The Decline of the Liberal International Order

In the last decade, the decline of the liberal international order has been continuously debated. Many point out that the liberal international order, as we know it, has retreated, particularly with the rise of authoritarian regimes such as China and Russia.

A sense of crisis was enhanced when Donald Trump was elected as the new American president in November 2017. Professor John Ikenberry of Princeton University argued that: “For the first time since the 1930s, the United States has elected a president who is actively hostile to liberal internationalism.”Footnote 1 In addition to this, Ikenberry also argued that: “Britain’s decision to leave the EU, and a myriad other troubles besetting Europe, appear to mark an end to the long postwar project of building a greater union.”Footnote 2 Thus, we needed to ask whether we would be able to defend the existence of the resilient liberal international order even before Russia began its invasion of Ukraine in February 2022.

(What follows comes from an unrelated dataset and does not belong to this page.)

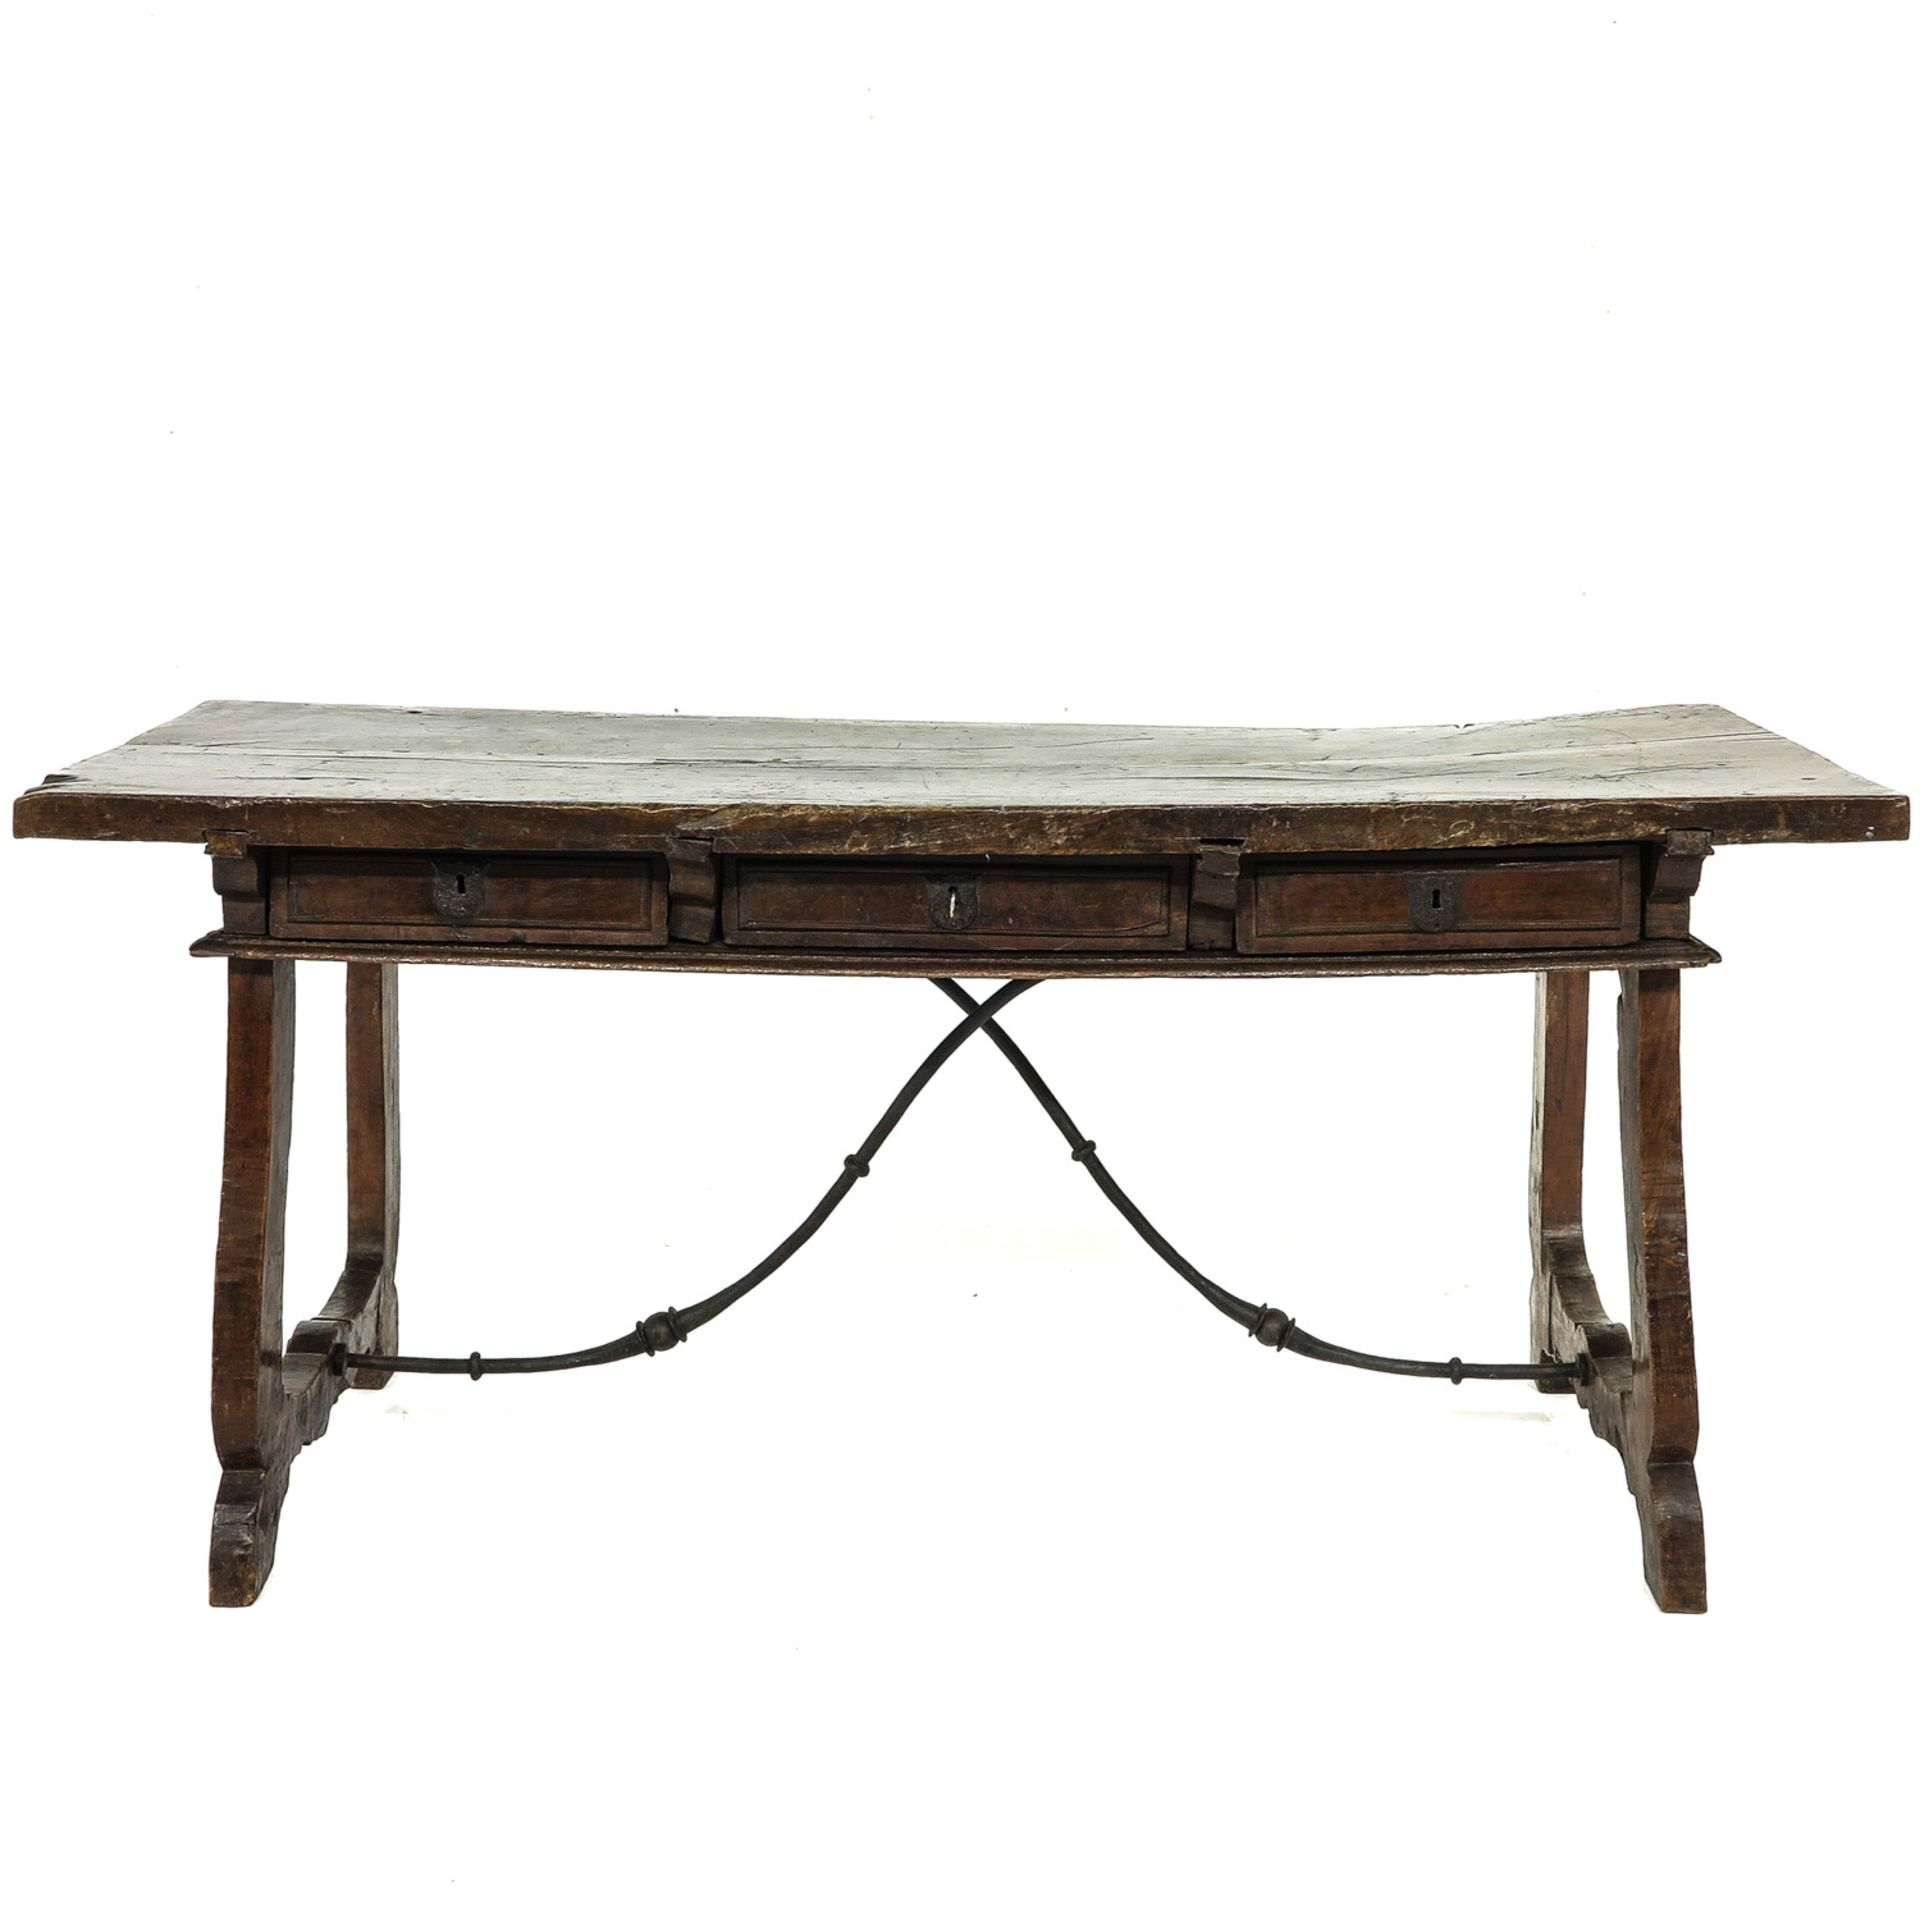 A Walnut Spanish Table Circa 1700

The decline of the liberal international order was not simply caused by the ideology and the actions of a new American president who often expressed criticism towards liberal internationalism. A much deeper problem lies in the decline of American power and influence in the international community. Thus, there are several reasons why the problem of the decline of American influence has been debated by various influential thinkers.

First, the failure of American attempts to expand democracy both in Afghanistan and in Iraq has nurtured an impression of limitations to the power projection of the U.S. The spread of the Islamic State in Iraq and in Syria, as well as the reluctance of the U.S. government to engage in the region, has illuminated uncertainty for the future of the liberal international order. With the retreat of American forces in the region, the reputation and the authority of the U.S. in the international community has been seriously damaged. It was not so difficult for China and Russia to fill the vacuum that the retreat of American forces left in the region. Russian unilateral annexation of Crimea in 2014 is one example of how the authoritarian powers began to expand their influence around them.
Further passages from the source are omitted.